Different profiles for the total increase in 5-HT over time were observed in the NAcc and striatum for the three test compounds (Table 3). Bicifadine-induced significant increases in 5-HT levels in the NAcc (F_5,37 = 14.29, P < 0.01) tended to be greater than those observed after d-amphetamine (F_3,20 = 9.2, P < 0.01), whereas bupropion had no significant effect on 5-HT levels in the NAcc (F_3,30 = 1.33, NSD). The elevation in NAcc 5-HT was significantly higher (F_2,24 = 9.827, P < 0.01) after a dose of bicifadine (10 mg/kg), which maximally substituted for cocaine, than after similar doses of d-amphetamine (3 mg/kg) or bupropion (30 mg/kg). The relative increase in 5-HT release in the striatum after bicifadine (F_5,39 = 6.618, P < 0.01) administration was not significantly different from that observed in the NAcc. d-Amphetamine (F_2,18 = 10.8, P < 0.01) and bupropion (F_3,26 = 6.295, P < 0.01) significantly increased striatal 5-HT levels, but only at the highest doses tested (3 and 100 mg/kg, respectively).

TABLE 3.

AUC versus dose for 5-HT levels in the NAcc and striatum after administration of bicifadine (5, 10, 20, 40, 60 mg/kg i.p.), bupropion (10, 30, 100 mg/kg i.p.), and d-amphetamine (1, 3, 6 mg/kg i.p. NAcc; 1, 3 mg/kg i.p. striatum)

Bicifadine and d-amphetamine significantly increased the AUC for the increase in 5-HT in the NAcc and striatum. Bupropion (100 mg/kg i.p.) significantly increased the AUC for the increase in 5-HT levels in the striatum, but not the NAcc.
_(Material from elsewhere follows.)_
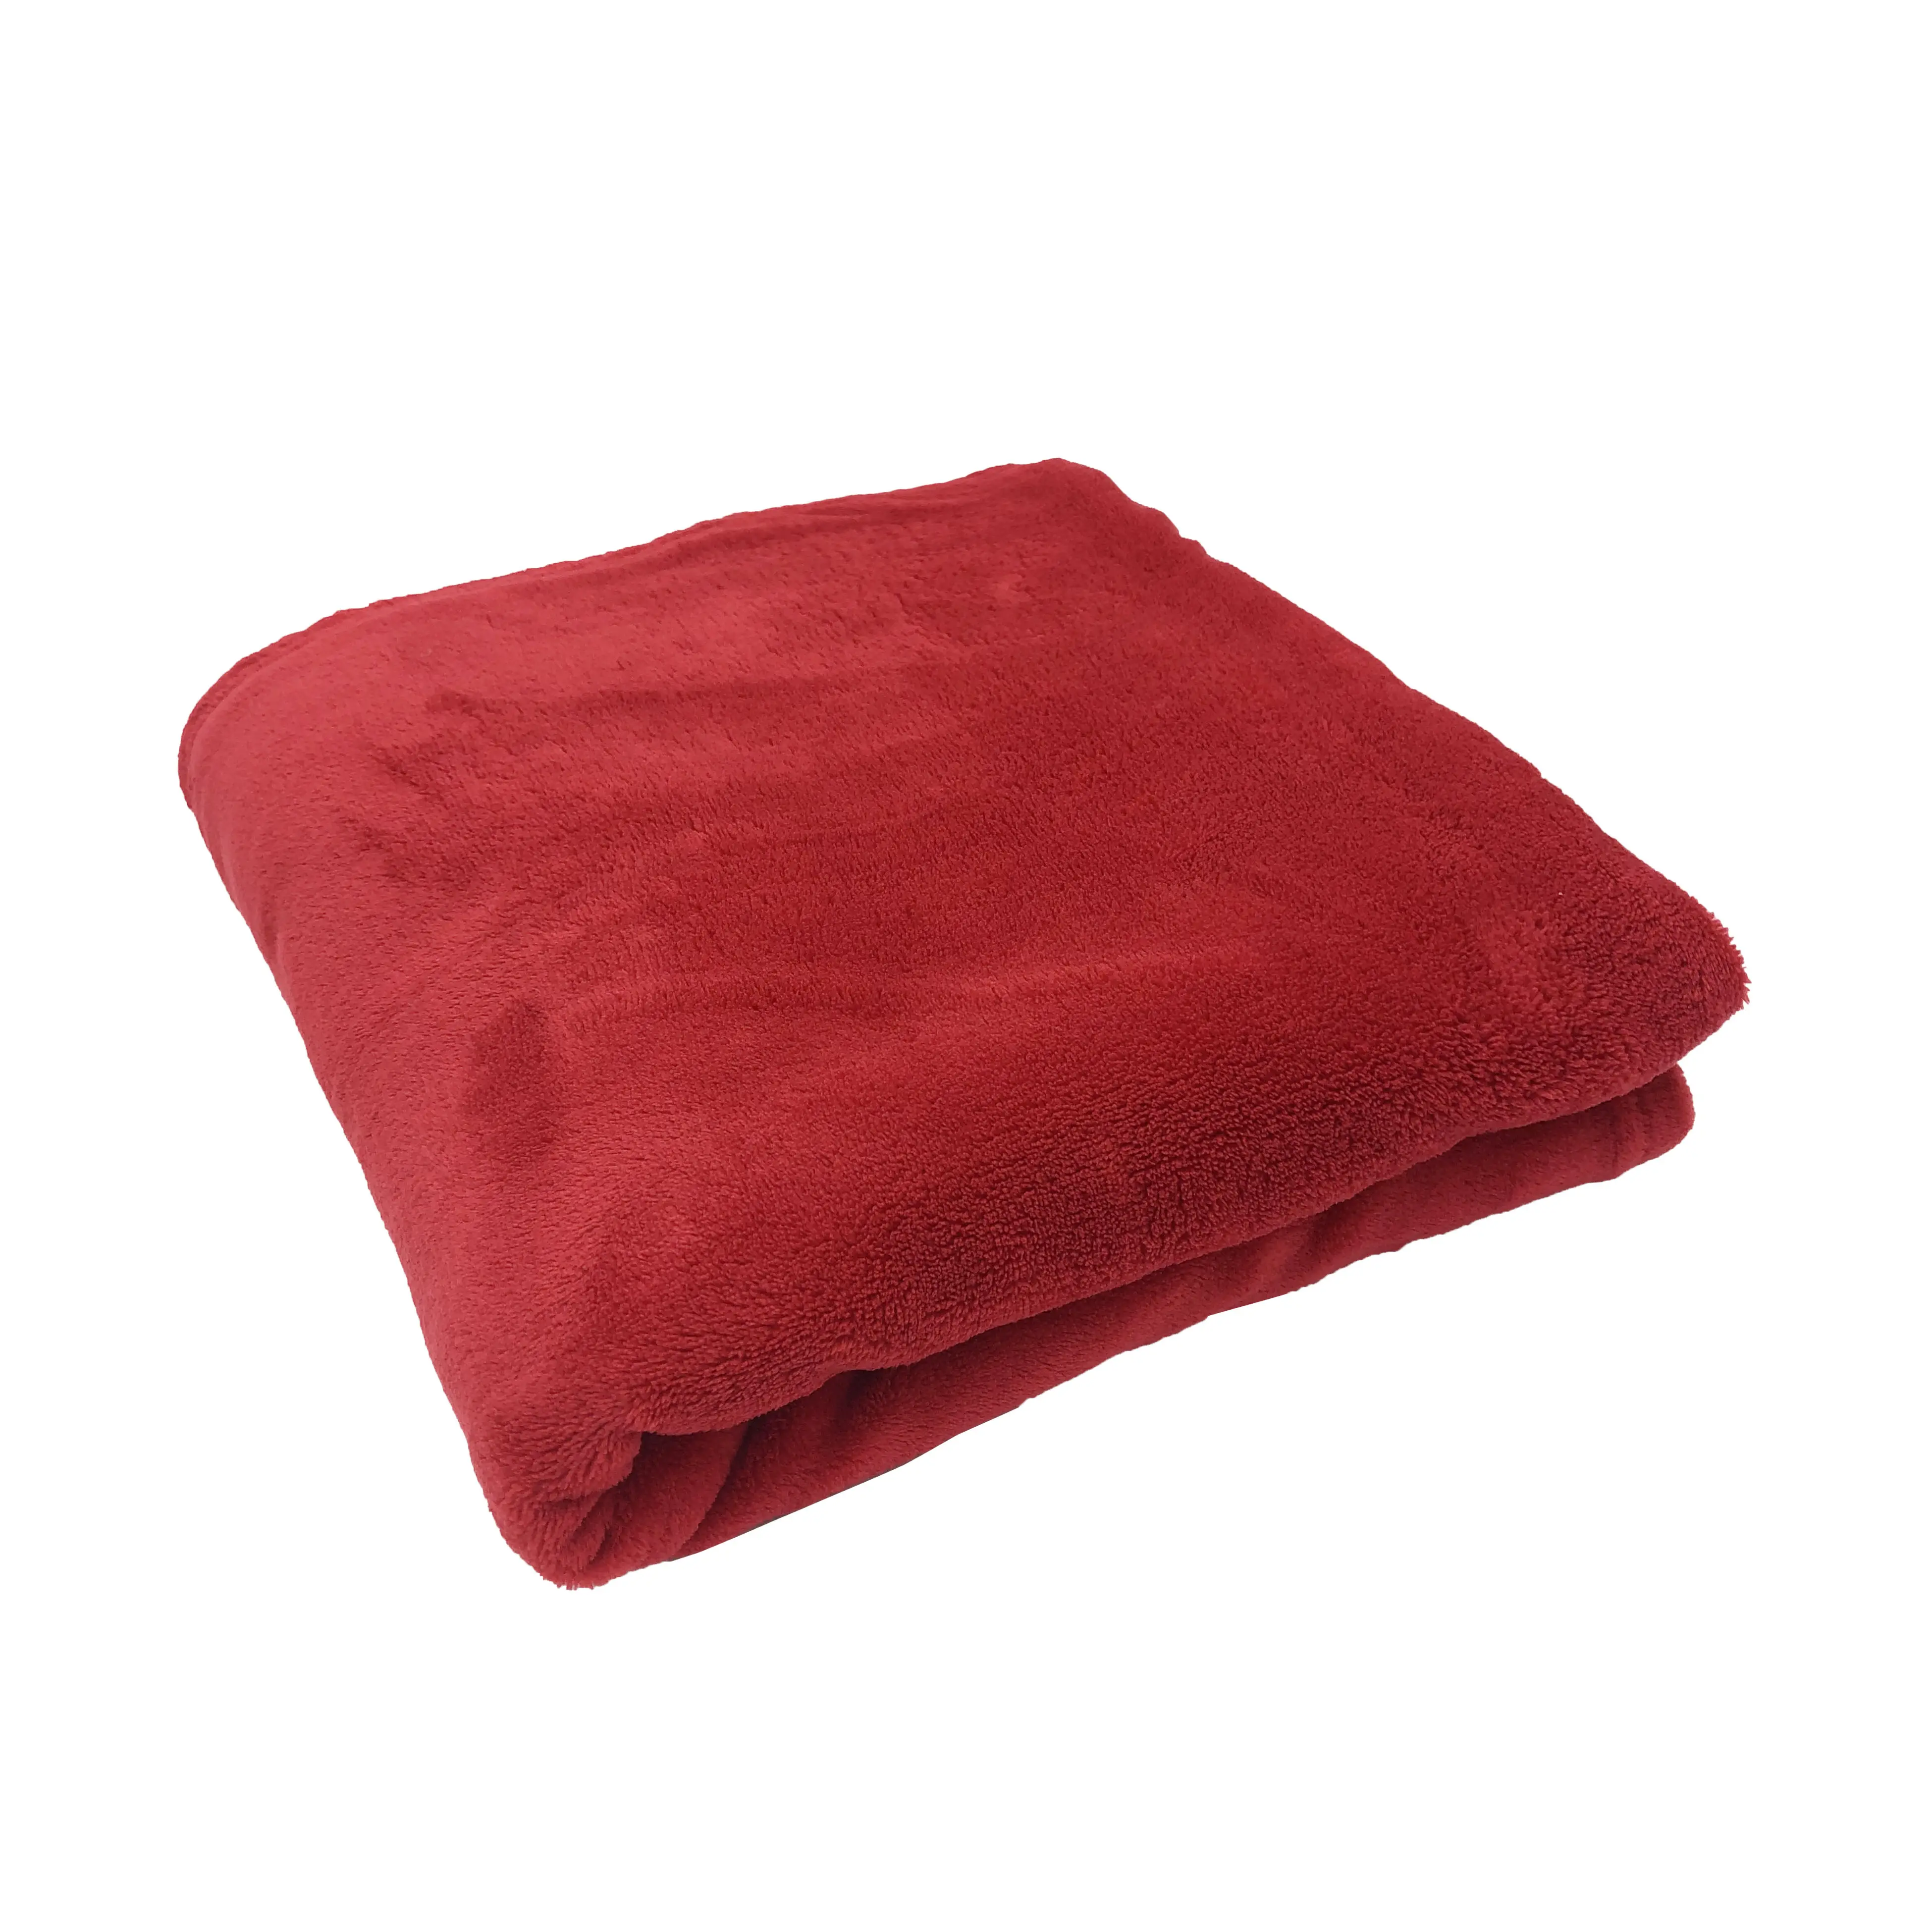 160*210 सेमी आकार 100% पॉलिएस्टर कंबल थोक सस्ते ठोस रंग कोरल मखमल कंबल पूरे मौसम में फेंक दिया जा सकता है।
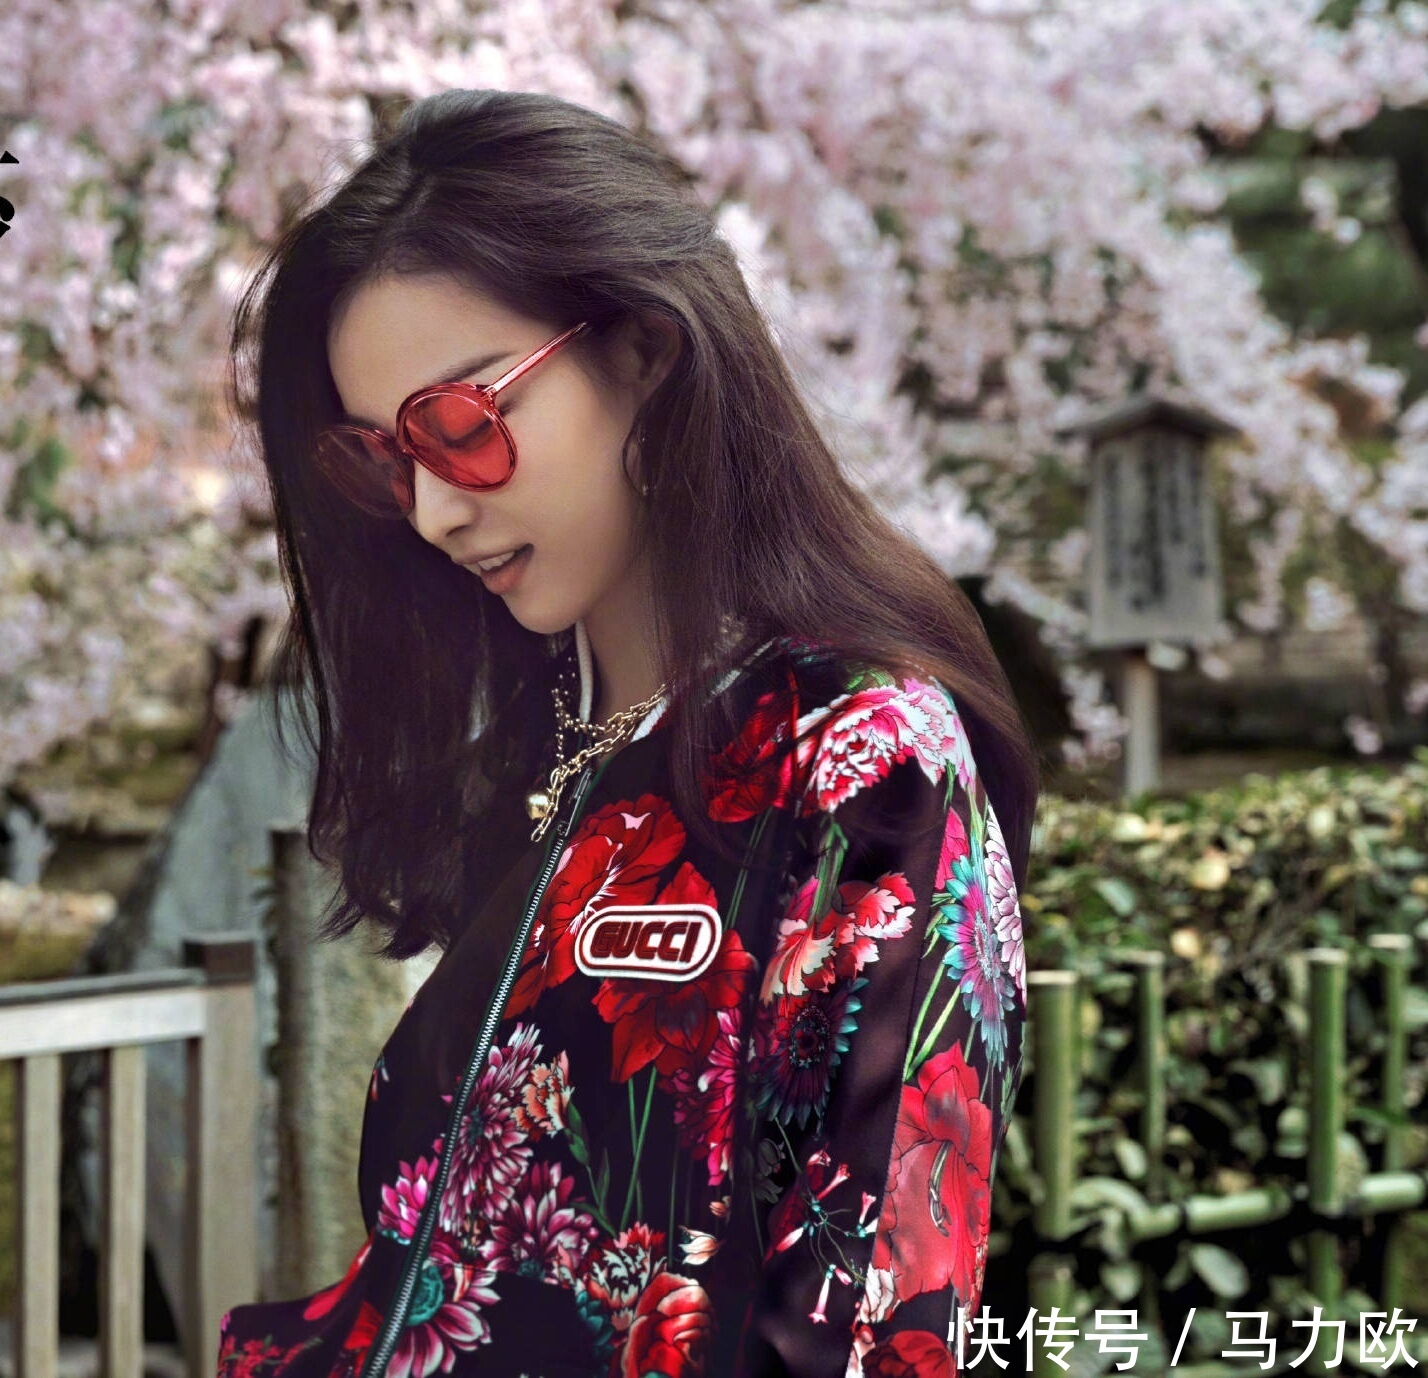 倪妮时尚芭莎五月封面,在樱花盛开的京都,再次

AUC values represent the increase in neurotransmitter level versus time after each dose of drug or vehicle.

Brain Region and Compounds	Dose	AUC ± S.E.M.
	mg/kg
Nucleus accumbens
Bicifadine	0	1500 ± 430
	5	17,000 ± 3900
	10	20,000 ± 3600
	20	24,000 ± 4300*
	40	25,000 ± 3100*
	60	53,000 ± 5700**
Bupropion	0	1400 ± 420
	10	1800 ± 650
	30	3800 ± 1100
	100	3500 ± 890
Amphetamine	0	1400 ± 420
	1	5200 ± 1300
	3	13,000 ± 2800*
	6	24,000 ± 3600**
Striatum
Bicifadine	0	590 ± 480
	5	21,000 ± 4500
	10	26,000 ± 4300
	20	18,000 ± 2500
	40	46,000 ± 12,000**
	60	54,000 ± 7500**
Bupropion	0	1000 ± 370
	10	3000 ± 650
	30	14,000 ± 1600
	100	51,000 ± 7300**
Amphetamine	0	590 ± 480
	1	8500 ± 1400
	3	19,000 ± 3400**

^*Values significantly different from those determined in vehicle-treated animals, P < 0.05, one-way ANOVA followed by Dunnett’s post hoc test.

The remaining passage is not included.